Commercial Emails

Commercial Emails

Commercial Emails and Text Messages Regulation

Certain aspects of how customers of online veders utilize the vendor’s platforms are subject to regulations in the United States, European Union and elsewhere. In recent years, U.S. and European lawmakers and regulators have expressed concern over the use of third-party cookies or web beacons for online behavioral advertising, and legislation adopted recently in the European Union requires informed consent for the placement of a cookie on a user’s device. Regulation of cookies and web beacons may lead to restrictions on platform online vendors activities, such as efforts to understand users’ Internet usage.

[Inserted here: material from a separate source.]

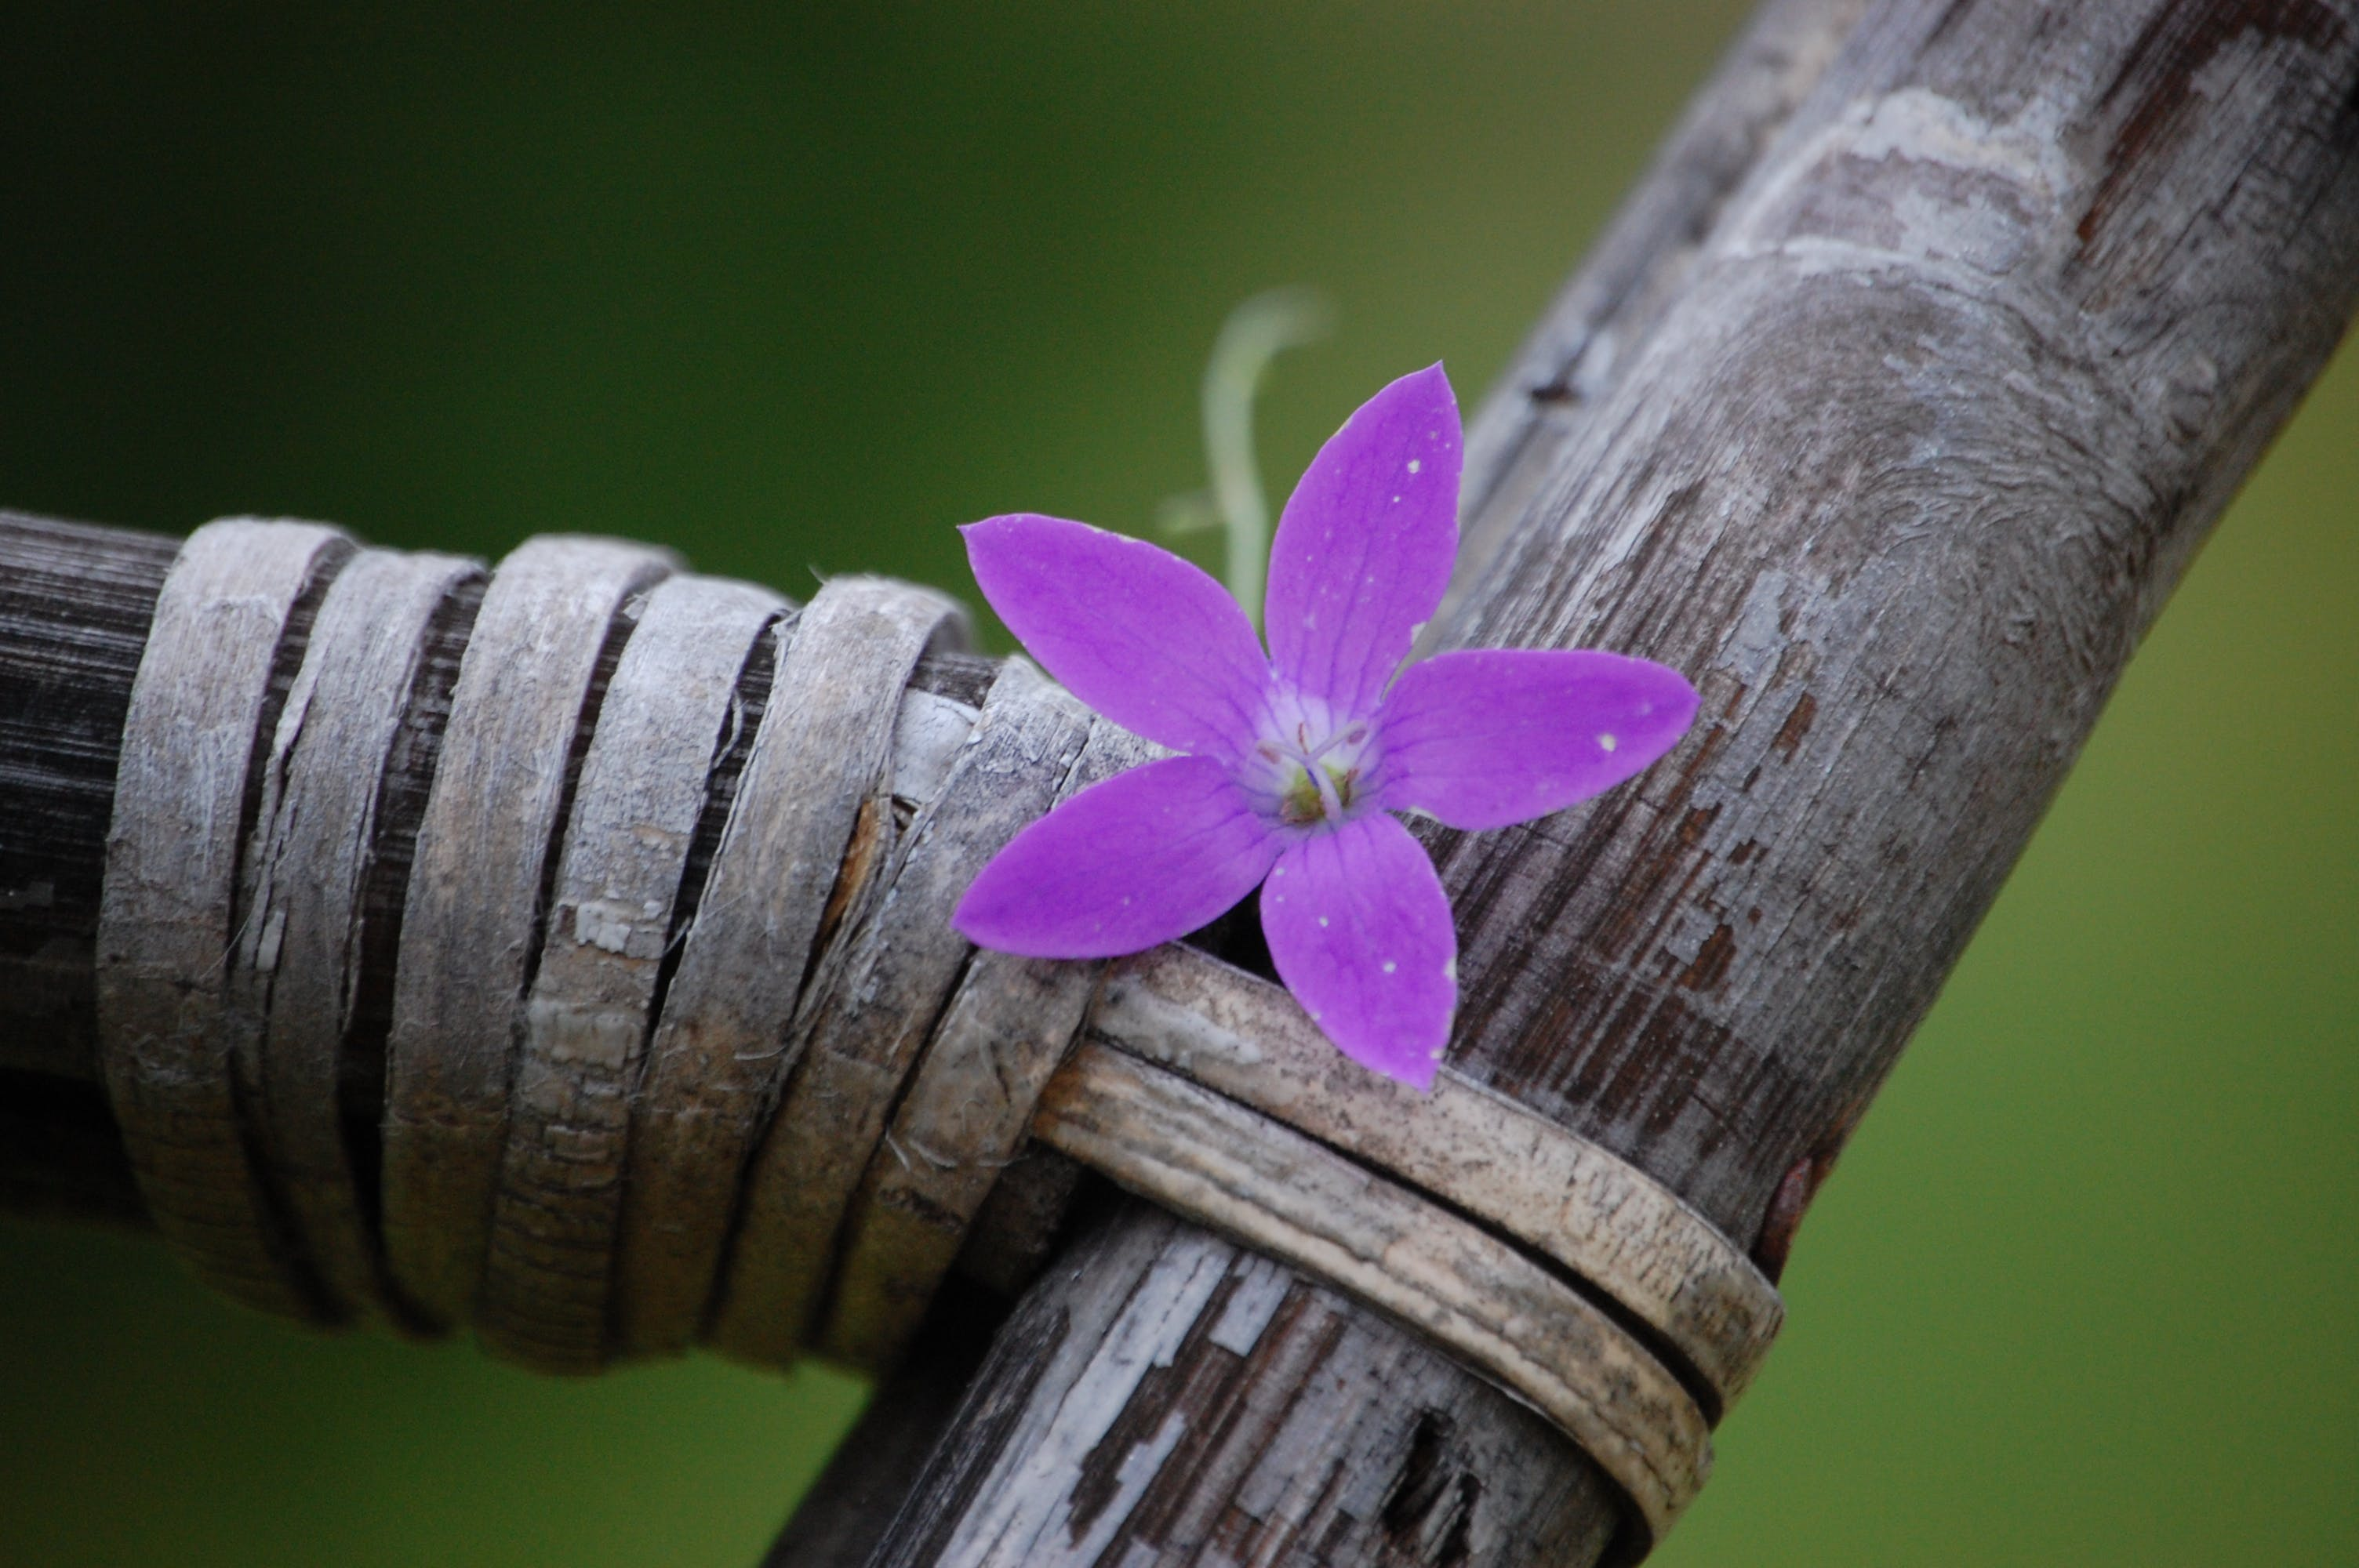 Fotos de stock gratuitas de flo violeta

New and expanding “Do Not Track” regulations have recently been enacted or proposed that protect users’ right to choose whether or not to be tracked online. These regulations seek, among other things, to allow end users to have greater control over the use of private information collected online, to forbid the collection or use of online information, to demand a business to comply with their choice to opt out of such collection or use, and to place limits upon the disclosure of information to third party websites. These policies could have a significant impact on the operation of the vendor’s platforms.

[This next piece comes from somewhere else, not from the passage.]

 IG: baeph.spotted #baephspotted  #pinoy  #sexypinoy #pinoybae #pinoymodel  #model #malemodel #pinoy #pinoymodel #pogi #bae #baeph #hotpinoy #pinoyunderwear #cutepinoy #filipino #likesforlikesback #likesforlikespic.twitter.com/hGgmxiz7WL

Many of companies providing online services or online information in the healthcare, financial services and other industries are subject to substantial regulation regarding their collection, use and protection of data and may be the subject of further regulation in the future. Accordingly, these laws or significant new laws or regulations or changes in, or repeals of, existing laws, regulations or governmental policy may change the way these customers do business and may require online vendors, including online marketing vendors, to implement additional features or offer additional contractual terms to satisfy customer and regulatory requirements, or could cause the demand for and sales of our inbound platform to decrease and adversely impact our financial results.

In the United States, the Controlling the Assault of Non-Solicited Pornography and Marketing Act of 2003, or the CAN-SPAM Act, establishes certain requirements for commercial email messages and specifies penalties for the transmission of commercial email messages that are intended to deceive the recipient as to source or content. The CAN-SPAM Act, among other things, obligates the sender of commercial emails to provide recipients with the ability to opt out of receiving future commercial emails from the sender. The ability of online business players’ message recipients to opt out of receiving commercial emails may minimize the effectiveness of the email components of our inbound platform.

In some U.S. states and foreign jurisdictions, such as Australia, Canada and the European Union, there are enacted laws that regulate sending email, and some of these laws are more restrictive than United State laws. For example, some foreign laws prohibit sending unsolicited email unless the recipient has provided the sender advance consent to receipt of such email, or in other words has “opted-in” to receiving it. A requirement that recipients opt into, or the ability of recipients to opt out of, receiving commercial emails may minimize the effectiveness of some marketig vendors platforms.

While these laws and regulations generally govern the TOS regarding the use of online platforms, the owners of such platforms may be subject to certain laws as a data processor on behalf of, or as a business associate of, their clients. For example, laws and regulations governing the collection, use and disclosure of personal information include, in the United States, rules and regulations promulgated under the authority of the Federal Trade Commission, the Health Insurance Portability and Accountability Act of 1996, the Gramm-Leach-Bliley Act of 1999 and state breach notification laws, and internationally, the Data Protection Directive in the European Union and the Federal Data Protection Act in Germany.

When online business are found to be in violation of any of these laws or regulations as a result of government enforcement or private litigation, they could be subjected to civil and criminal sanctions, including both monetary fines and injunctive action.